Description: Deletes a model and its associated data.

Parameters:

name (required): The name of the model to delete.

Examples: See the original document for examples.

Pull a Model

Endpoint: POST /api/pull

Description: Downloads a model from the Ollama library.

Parameters:

name (required): The name of the model to download.
insecure (optional): Allows insecure connections (use only for development).
stream (optional): Set to false to disable streaming responses.

Examples: See the original document for examples.

Push a Model

Endpoint: POST /api/push

Description: Uploads a model to the Ollama library.

Parameters:

name (required): The name of the model to upload (including namespace and tag).
insecure (optional): Allows insecure connections (use only for development).
stream (optional): Set to false to disable streaming responses.

Examples: See the original document for examples.

Generate Embeddings

Endpoint: POST /api/embed

Description: Generates embeddings for given text using a specified model.

Parameters:

model (required): The name of the model to use.
input (required): The text or list of texts to generate embeddings for.
truncate (optional): Truncates input to fit context length (defaults to true).
options (optional): Additional model parameters.
keep_alive (optional): Controls model memory retention (default: 5m).

Examples: See the original document for examples.

List Running Models

Endpoint: GET /api/ps

Description: Lists models currently loaded in memory.

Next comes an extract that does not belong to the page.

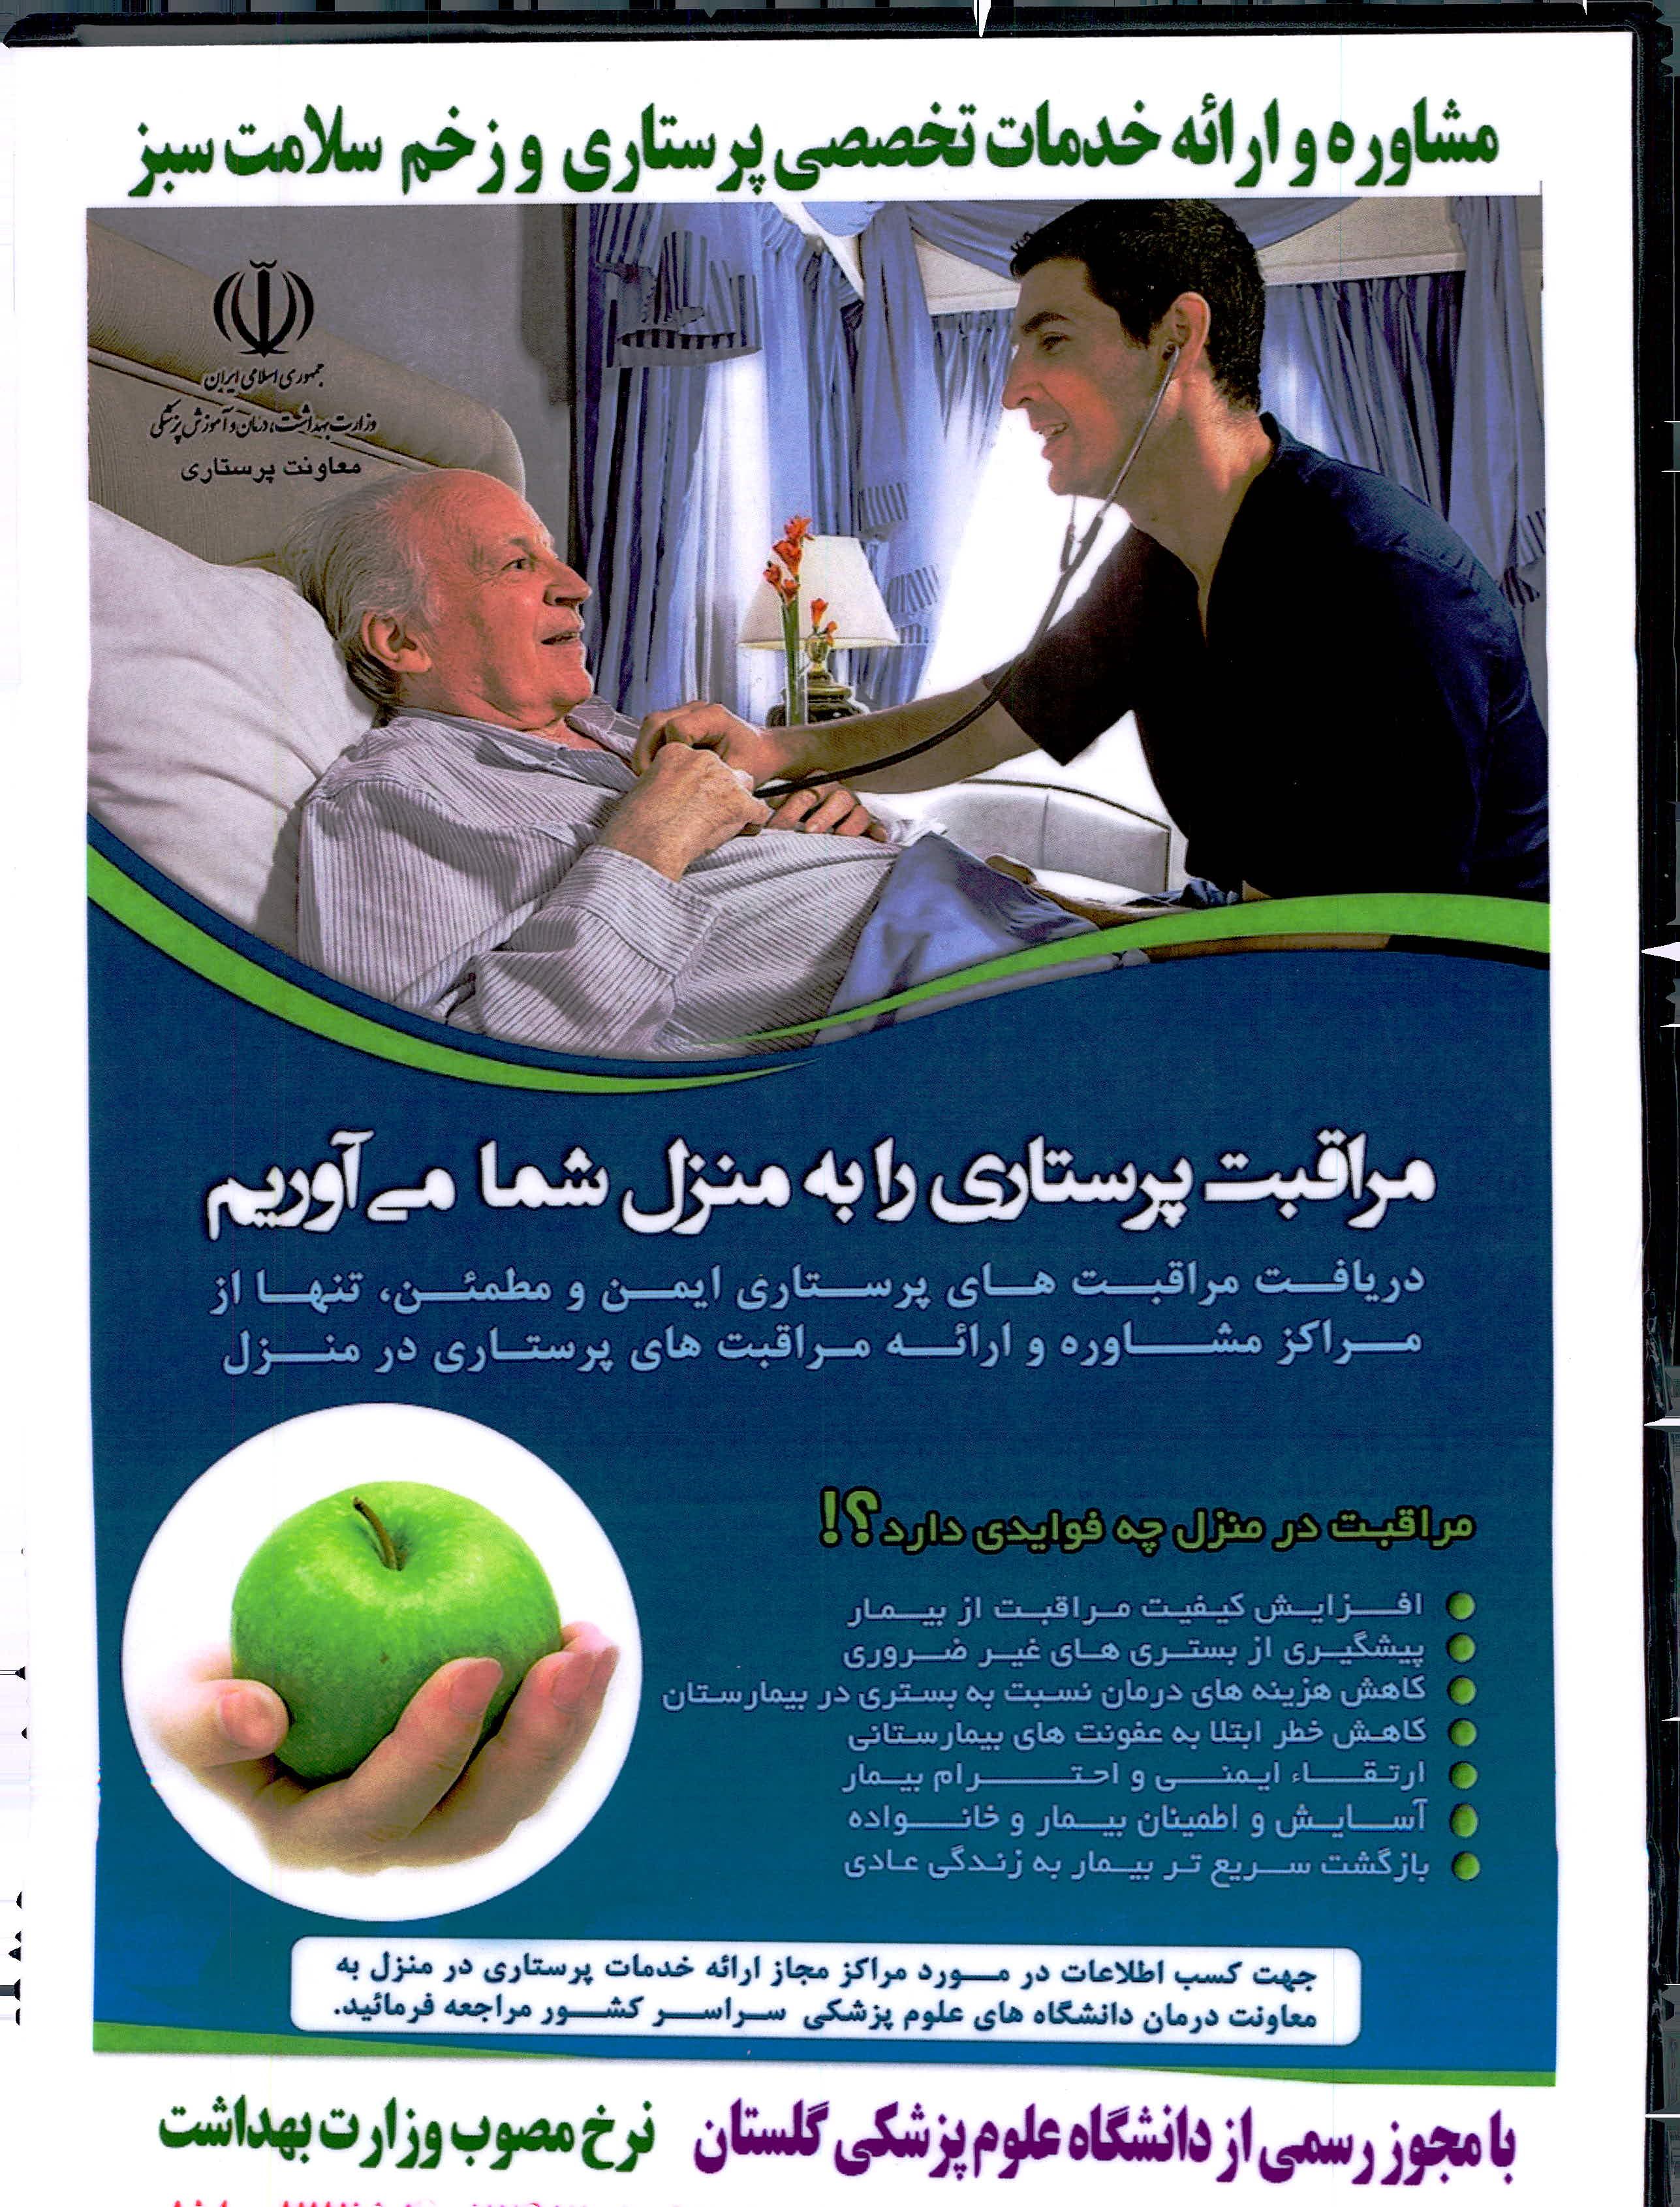 کلینیک مراقبت های پرستاری در منزل
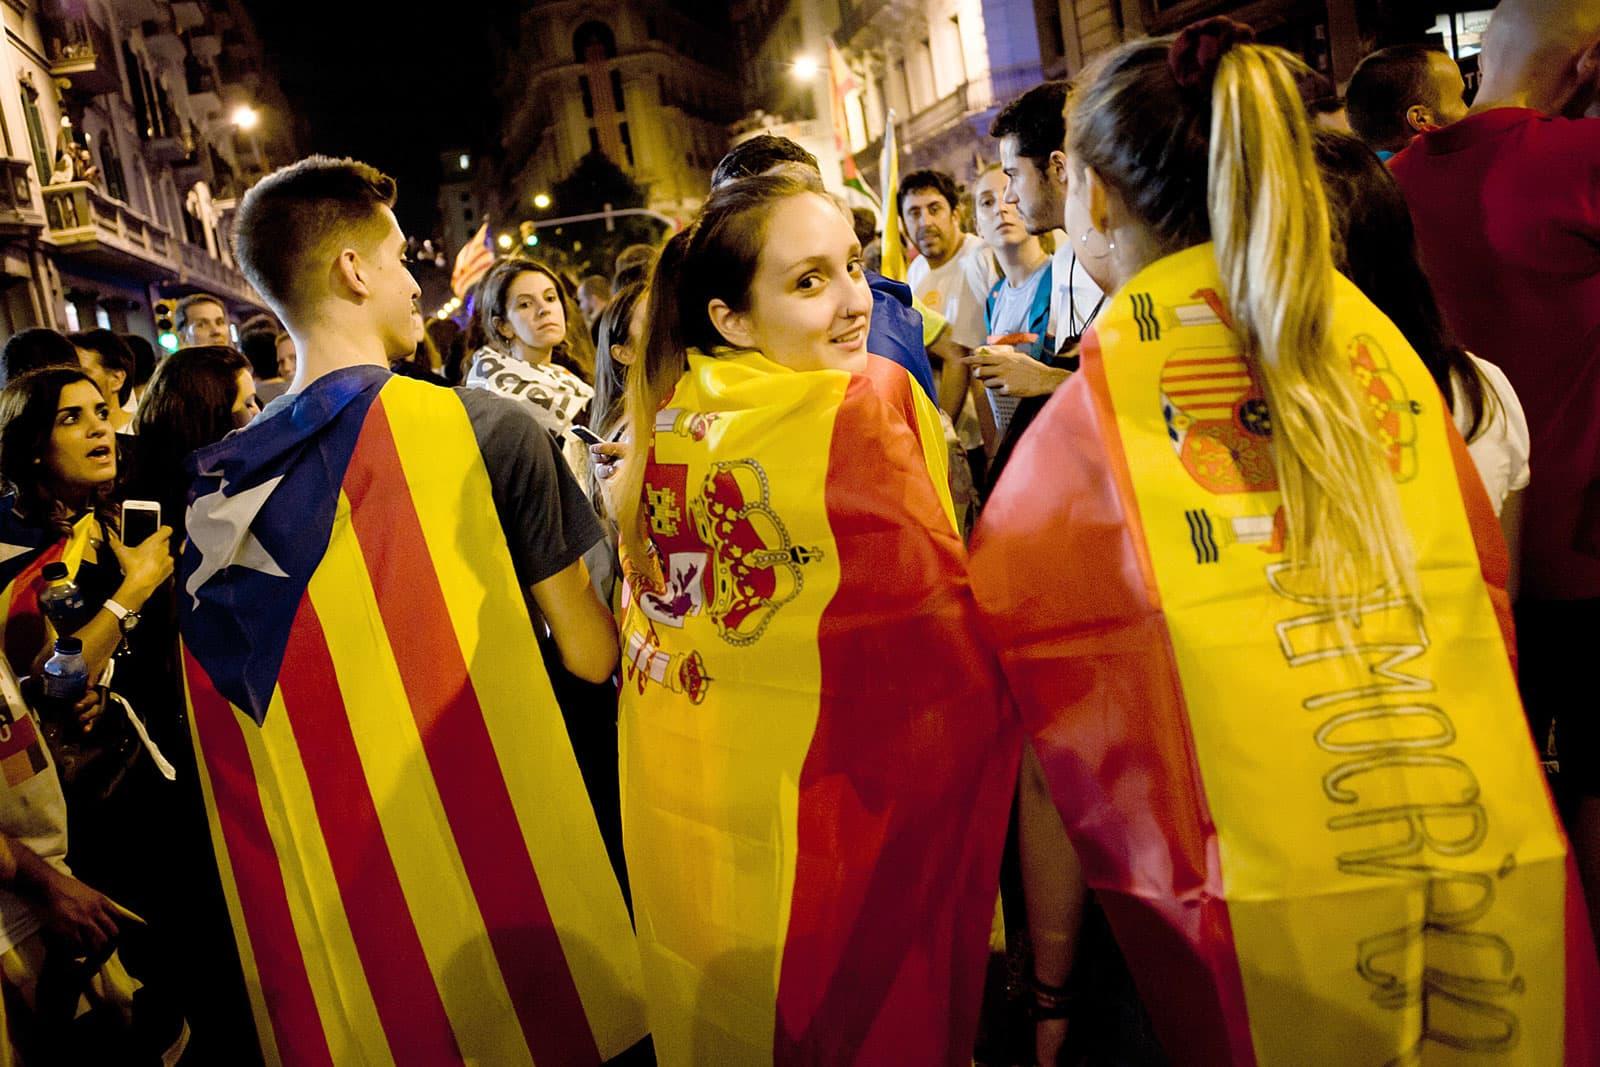 Joves amb la bandera espanyola i l'estelada junts en una manifestació el 2017 a Barcelona. Fotografia de Jordi Boixareu. Zuma Wire.

Examples: See the original document for examples.

Generate Embedding (Deprecated)

Endpoint: POST /api/embeddings

Description: This endpoint is deprecated. Use /api/embed instead.

Parameters:

model (required): The name of the model to use.
prompt (required): The text to generate embeddings for.
options (optional): Additional model parameters.
keep_alive (optional): Controls model memory retention (default: 5m).

Examples: See the original document for examples.

Conventions

Model Names

Model names follow the format model:tag, where model can optionally include a namespace (e.g., example/model). The tag is optional and defaults to latest. Examples: orca-mini:3b-q4_1, llama3:70b, llama3.

Durations

All durations are returned in nanoseconds.

Streaming Responses

Some endpoints stream responses as JSON objects. Streaming can be disabled by setting the stream parameter to false.